Juan Cáceres

Personal information
- Full name: Juan Ramón Cáceres López
- Date of birth: 30 March 2002 (age 23)
- Place of birth: Asunción, Paraguay
- Height: 1.74 m (5 ft 9 in)
- Position(s): Midfielder

Youth career
- Sol de América

Senior career*
- Years: Team / Apps / (Gls)
- 2019–2024: Sol de América / 22 / (1)
- 2024: Deportivo Santaní / 14 / (0)

= Juan Cáceres (footballer, born 2002) =

Paraguayan footballer

Juan Ramón Cáceres López (born 30 March 2002) is a Paraguayan footballer who plays as a midfielder.

==Career==
===Sol de América===
Cáceres was born and raised in Bañado Sur in Tacumbú, which is one of the barrios of Asunción in Paraguay. At the age of six, he joined Sol de Quinta Avenida soccer school and when he turned 12, he began playing for Club Sol de América.
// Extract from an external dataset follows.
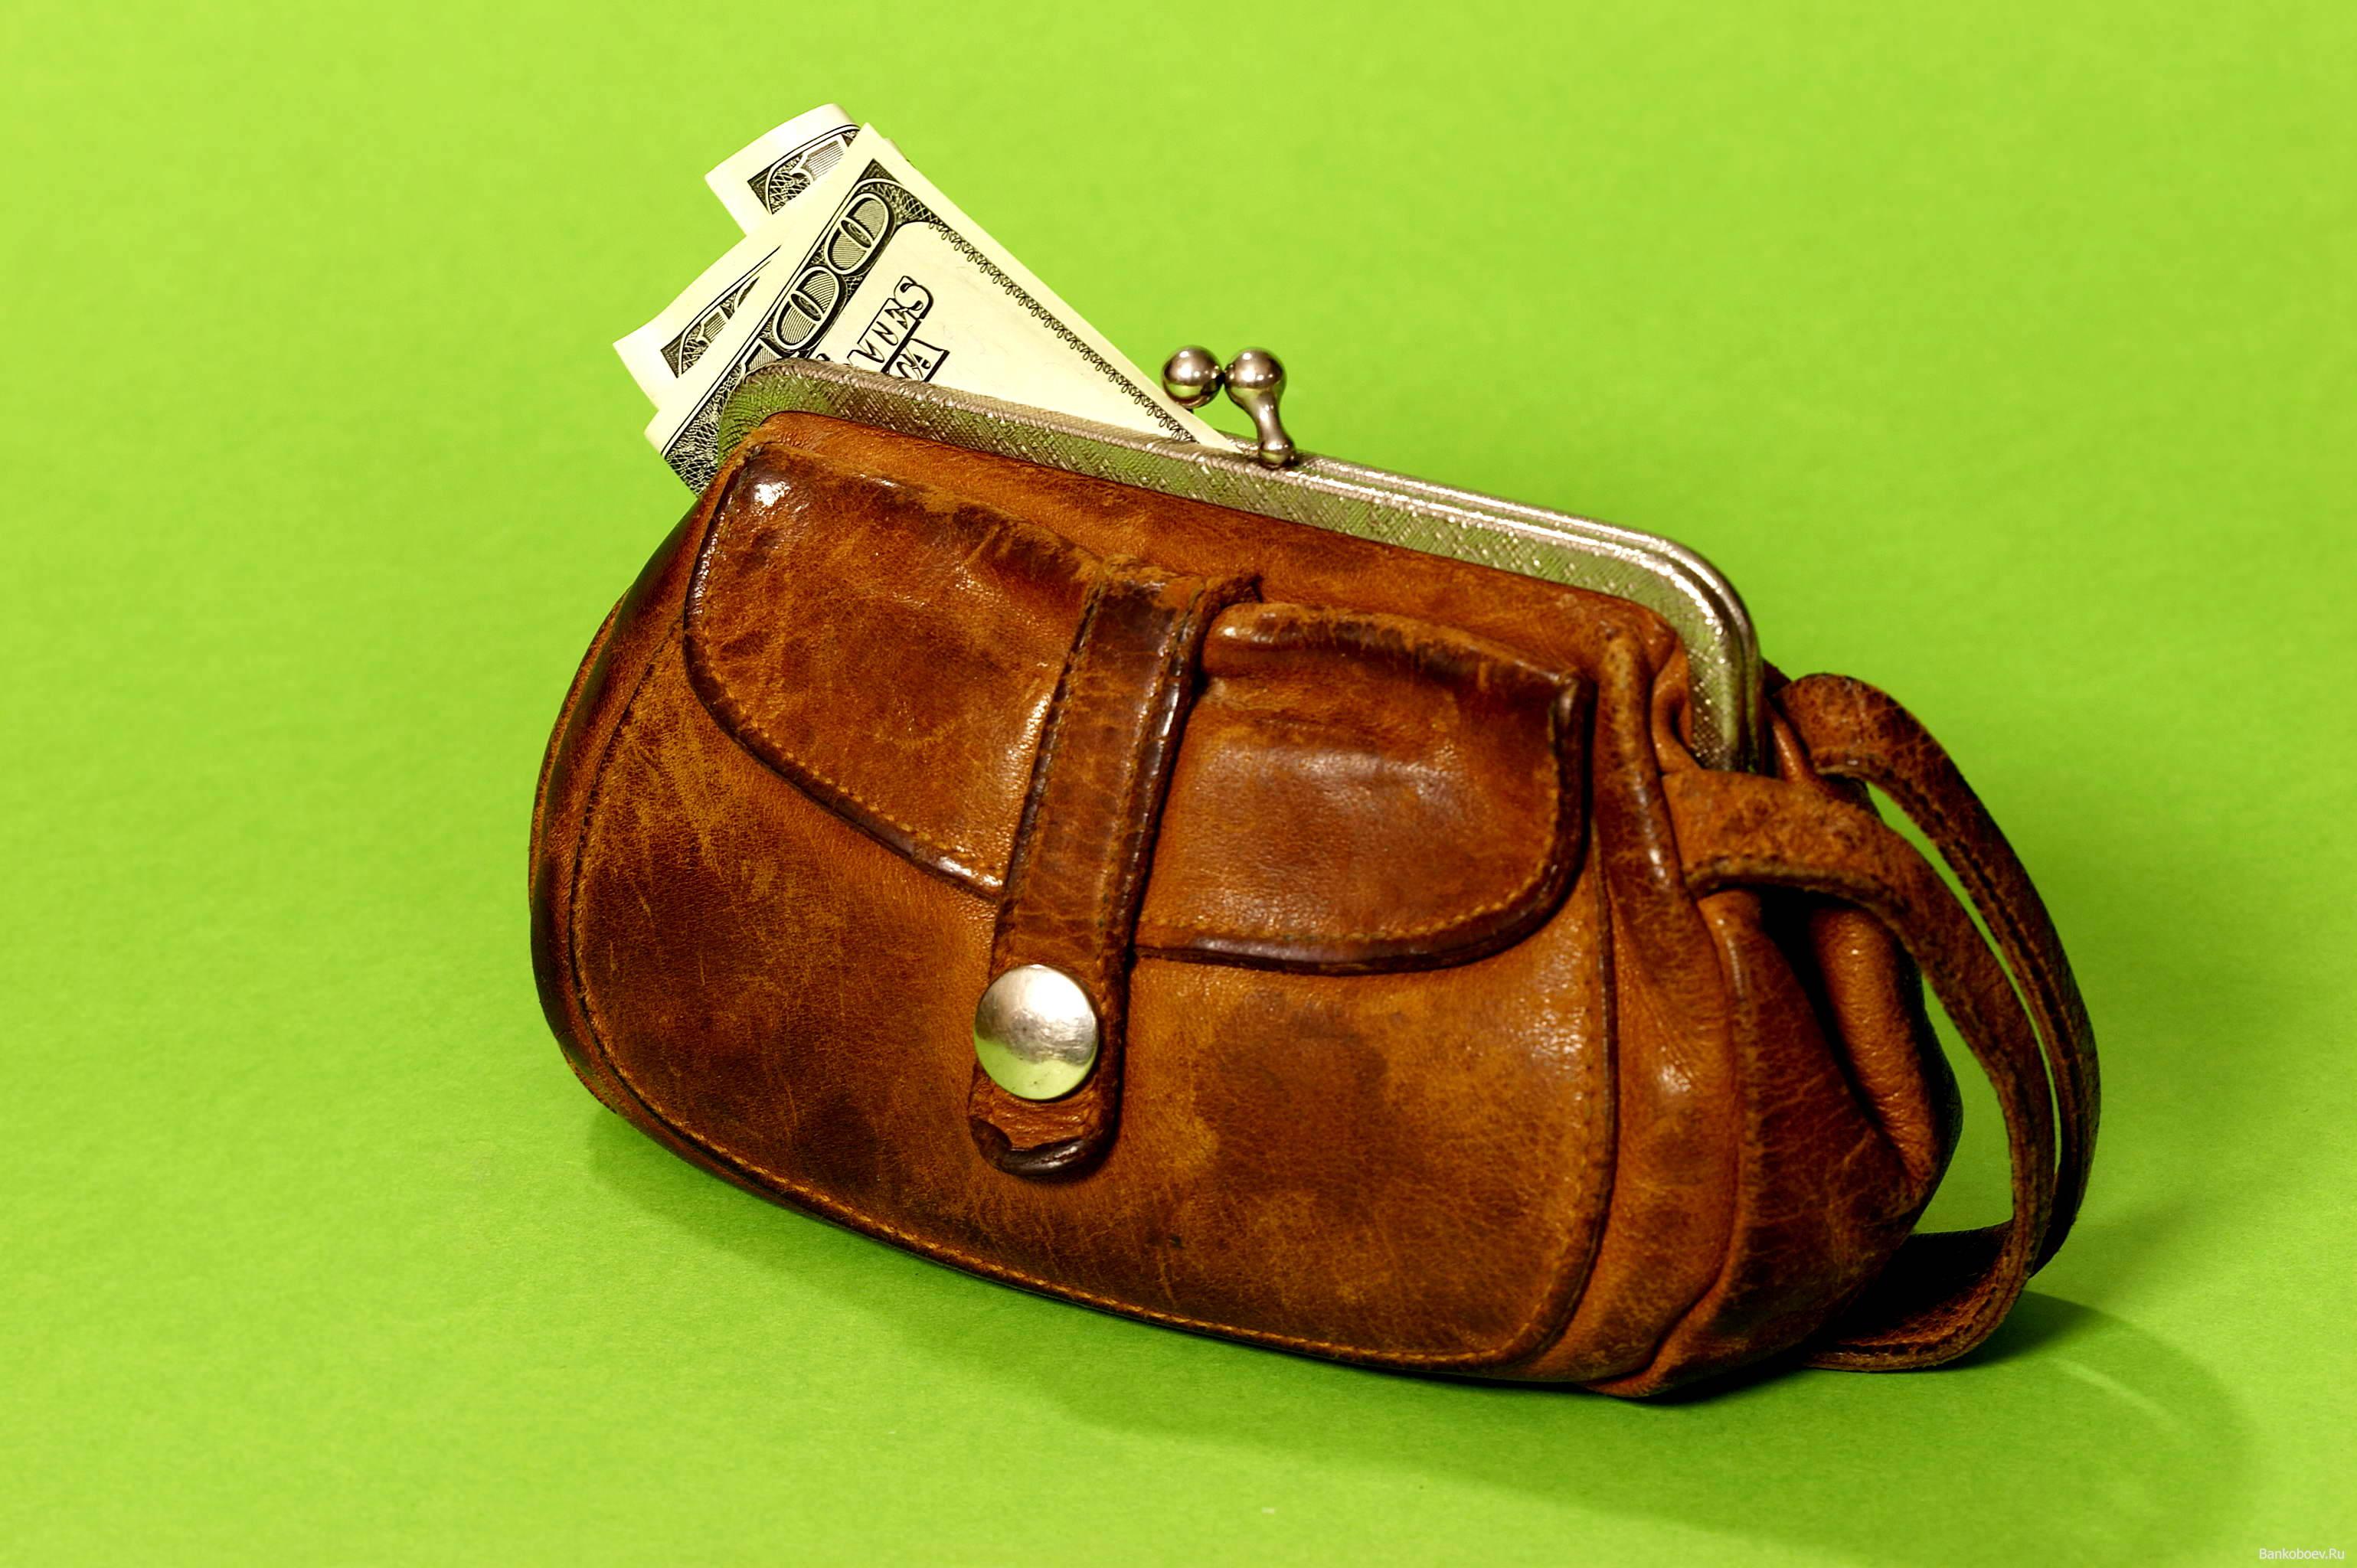 кошелек, доллары, обои на рабочий стол

Cáceres got his official debut for the club on 17 July 2019 against Club El Porvenir in the Copa Paraguay, where he scored a goal. His debut in the Paraguayan Primera División came on 1 September 2019, when he came on as a substitute for Ignacio Colombini against Sportivo San Lorenzo.

In the 2020 season, Cáceres played a total of five league games and scored one goal.

===Deportivo Santaní===
In July 2024, Cáceres joined Deportivo Santaní.